EXERCISE: Reproduce exactly the span of lines beginning at the one with "Titelseite des BGW" and ending at the last line of the data below, omitting pictures.

DATA EXCERPT:

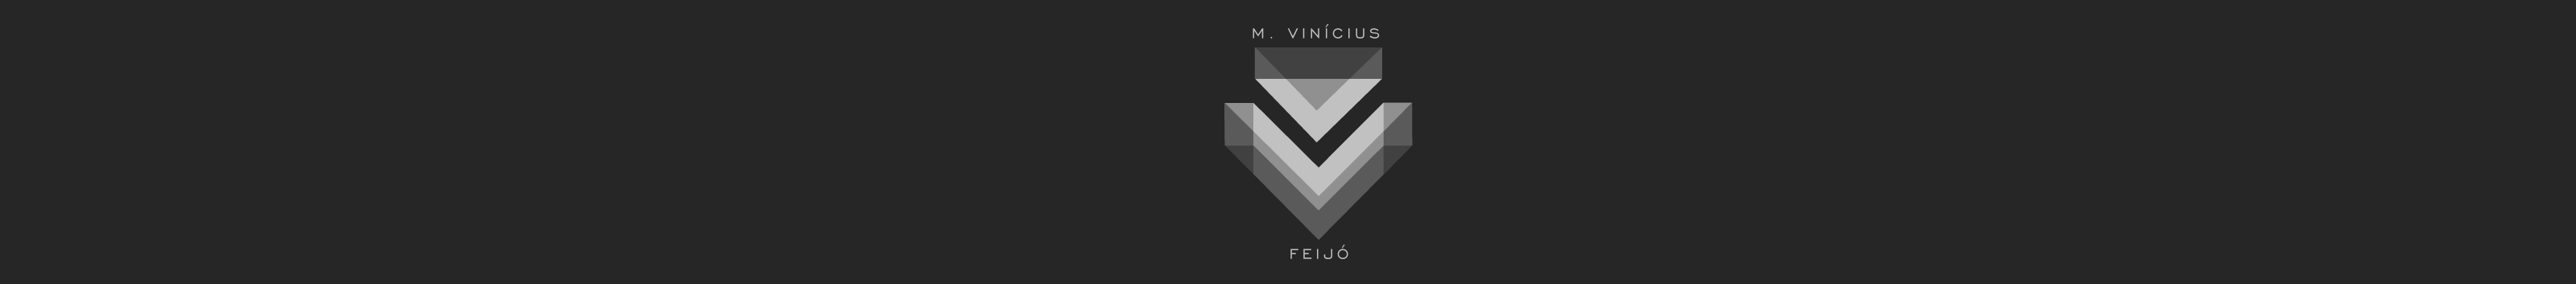 Banner de perfil de Marcos Vinícius Feijó
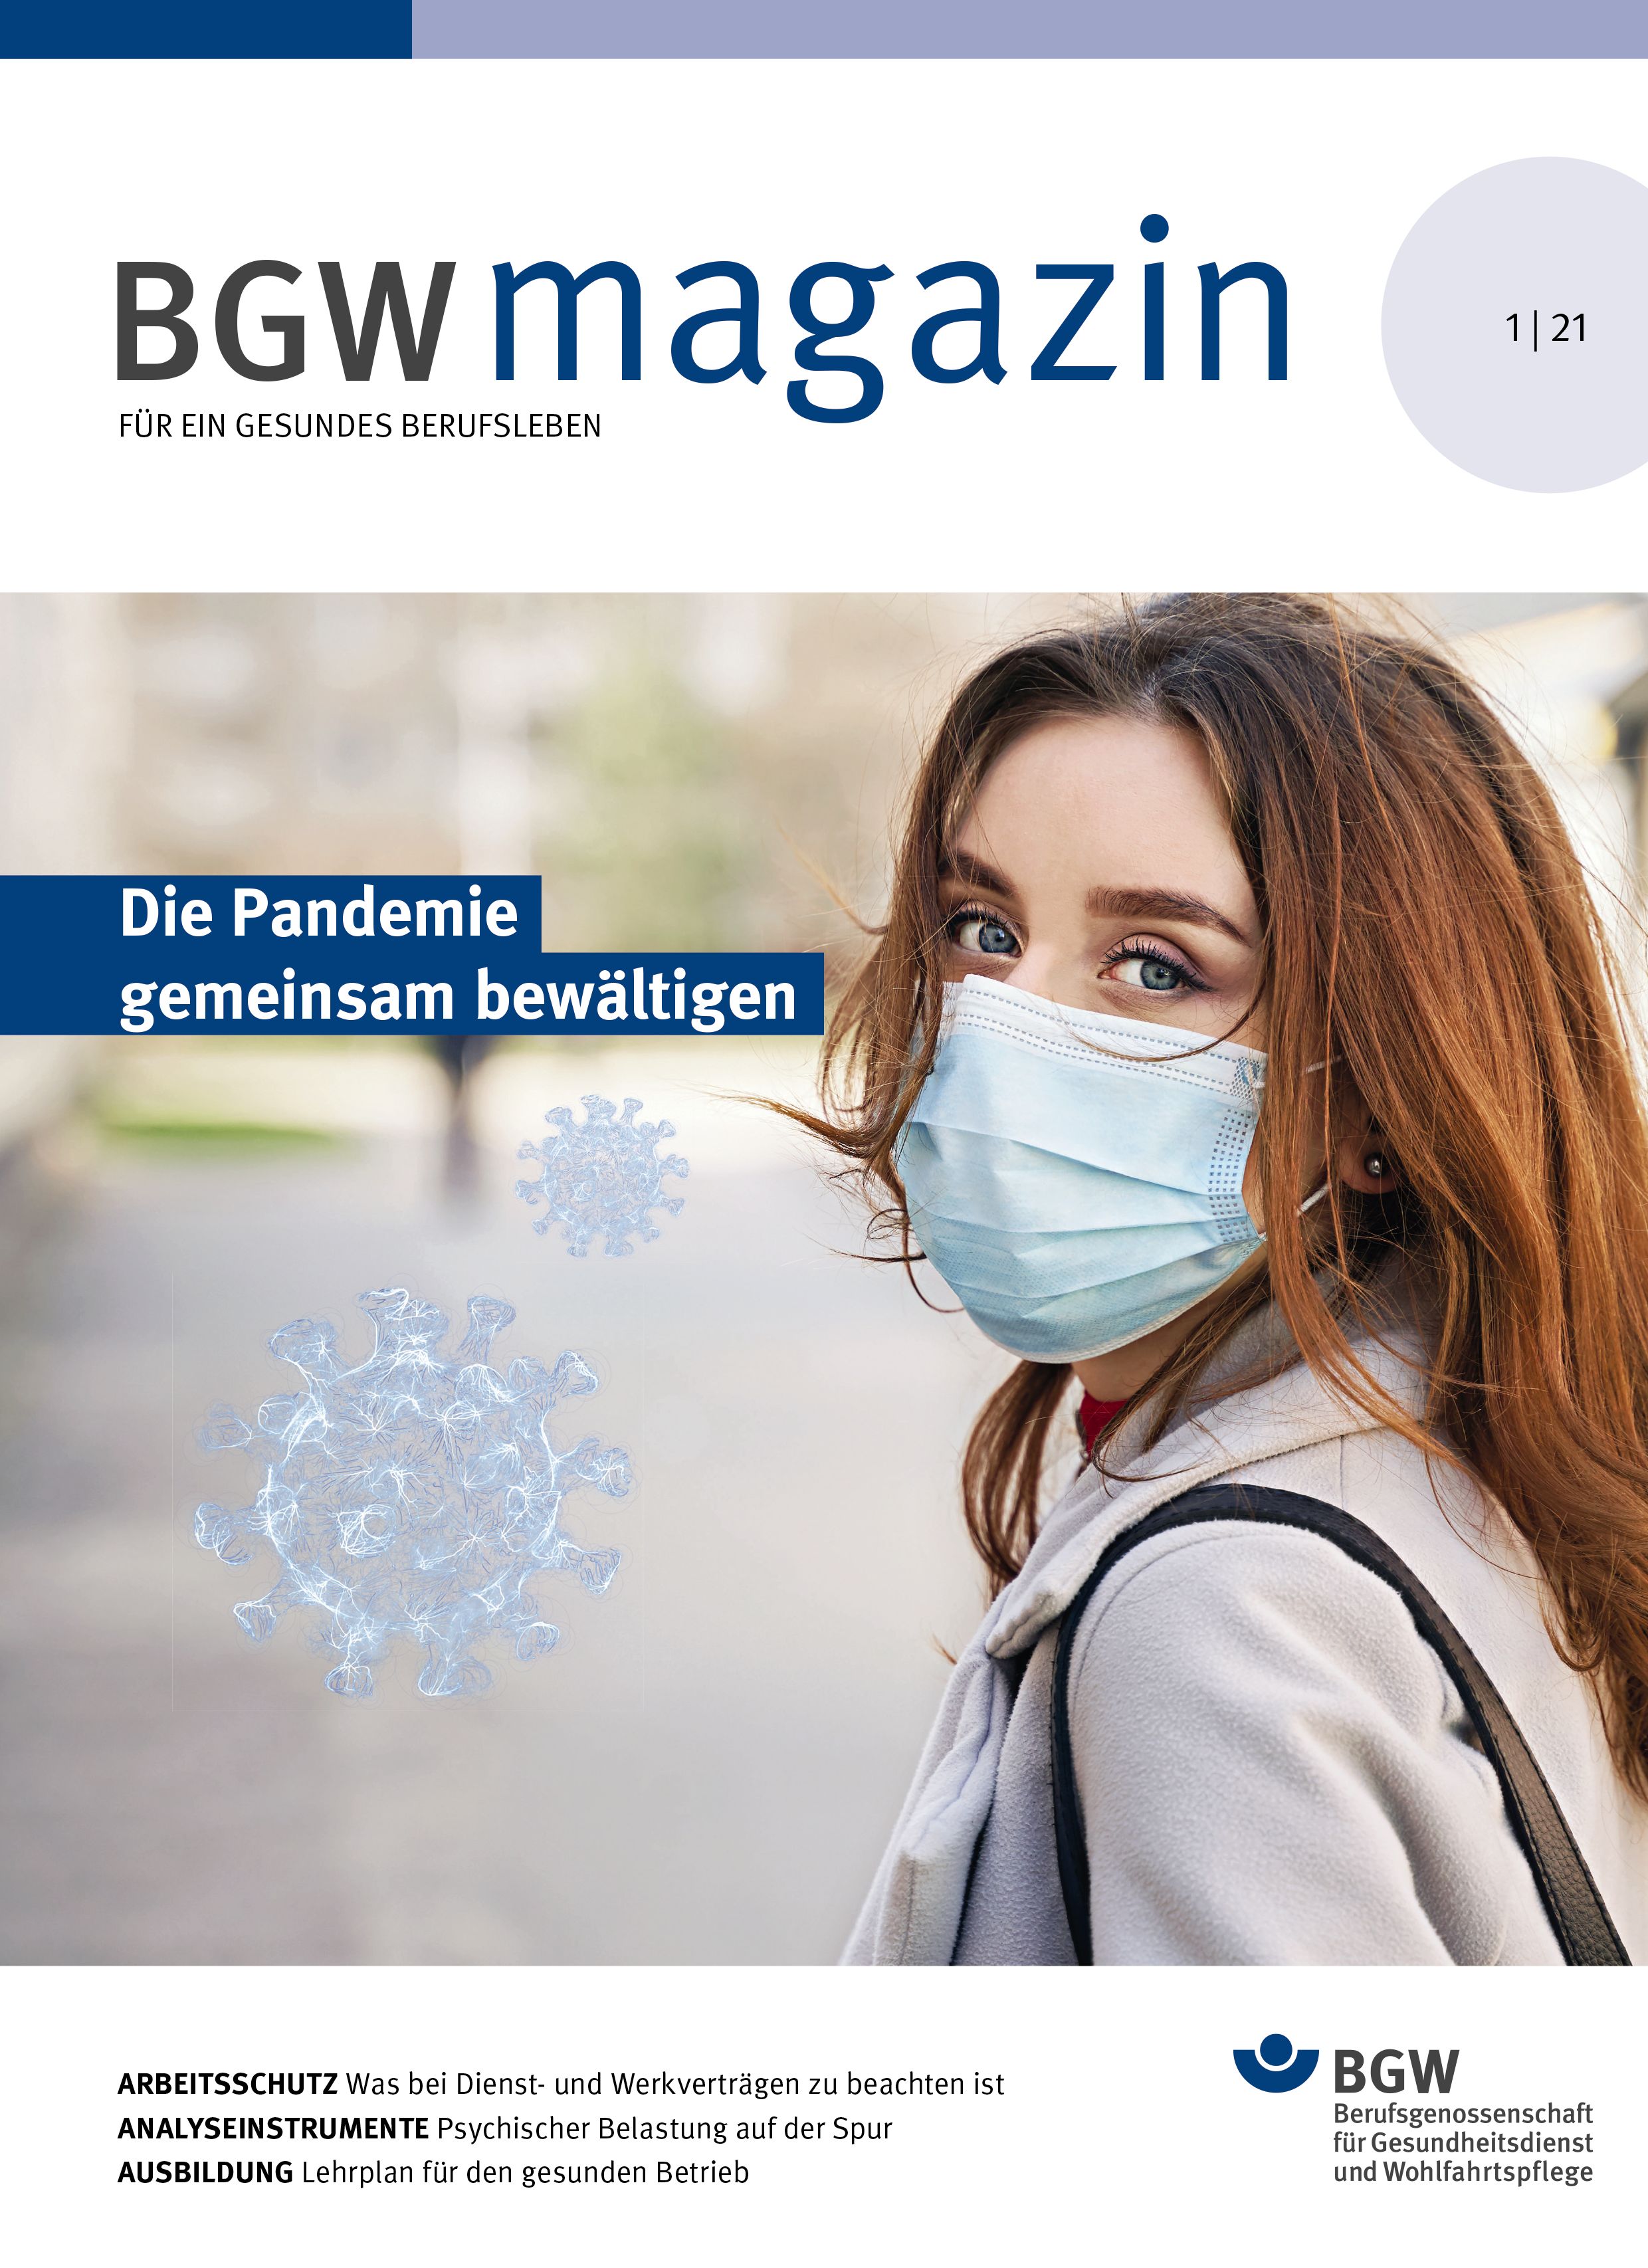 Titelseite des BGW magazins, Ausgabe 1/2021, mit dem Titelthema "Die Pandemie gemeinsam bewältigen"
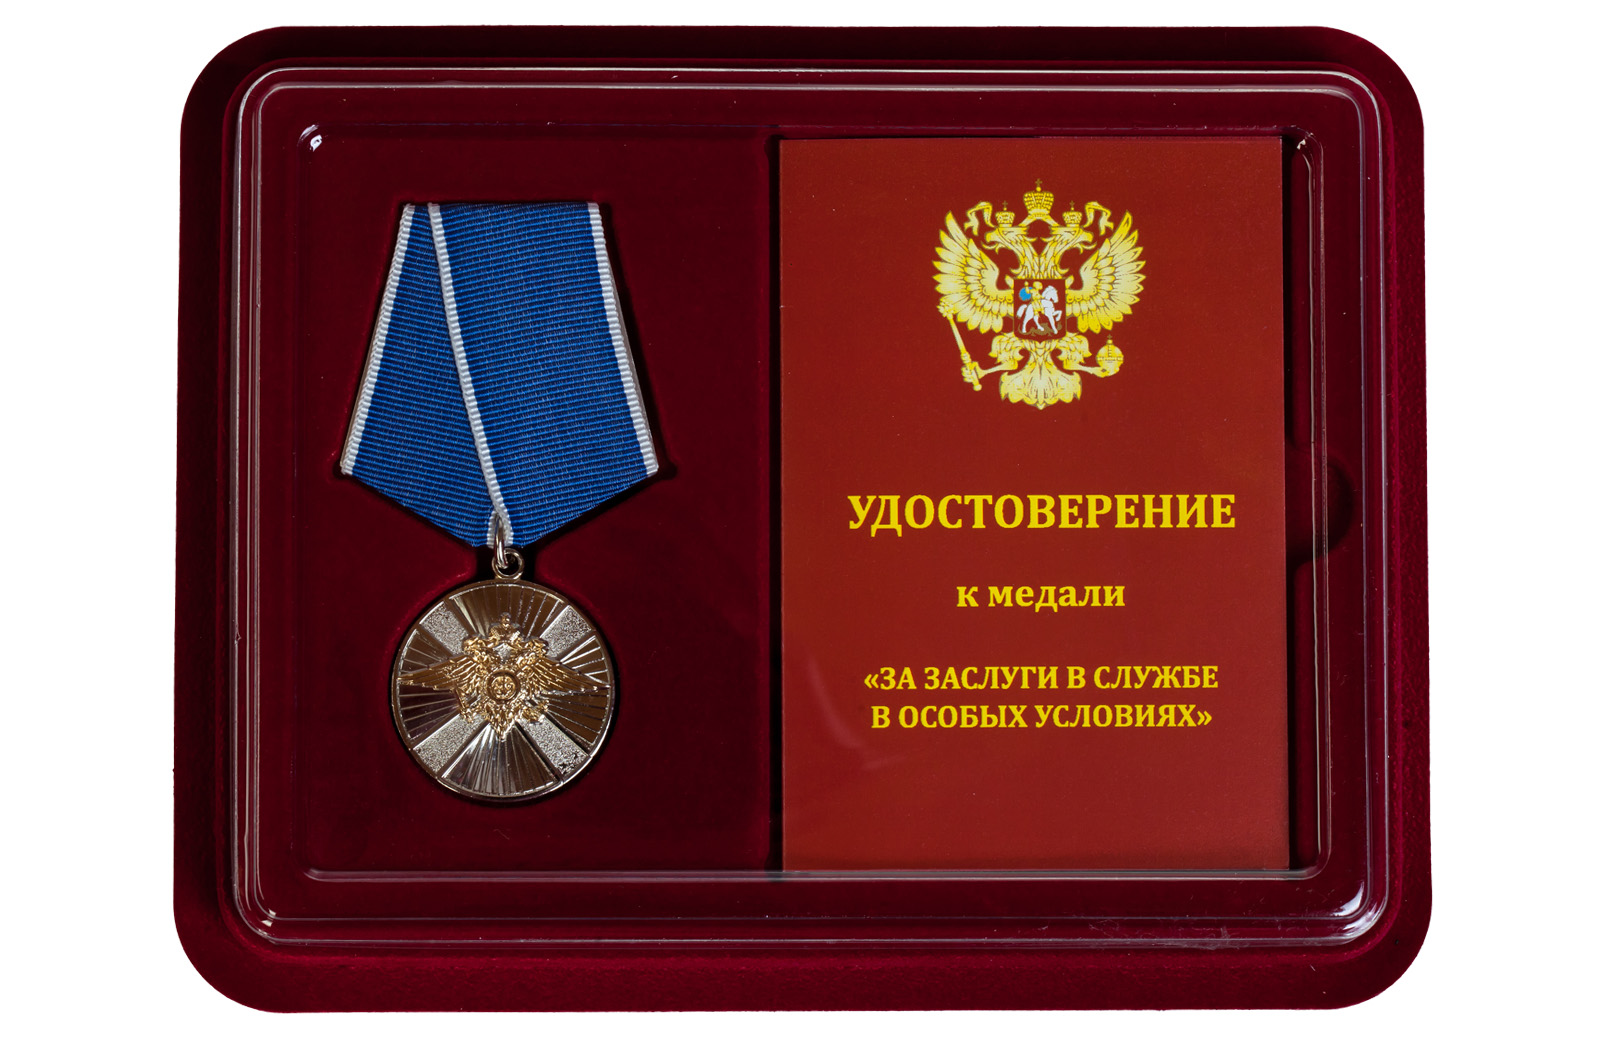 Медаль МВД РФ "За заслуги в службе в особых условиях"

FINISHED TASK:
 Titelseite des BGW magazins, Ausgabe 1/2021, mit dem Titelthema "Die Pandemie gemeinsam bewältigen"
 Медаль МВД РФ "За заслуги в службе в особых условиях"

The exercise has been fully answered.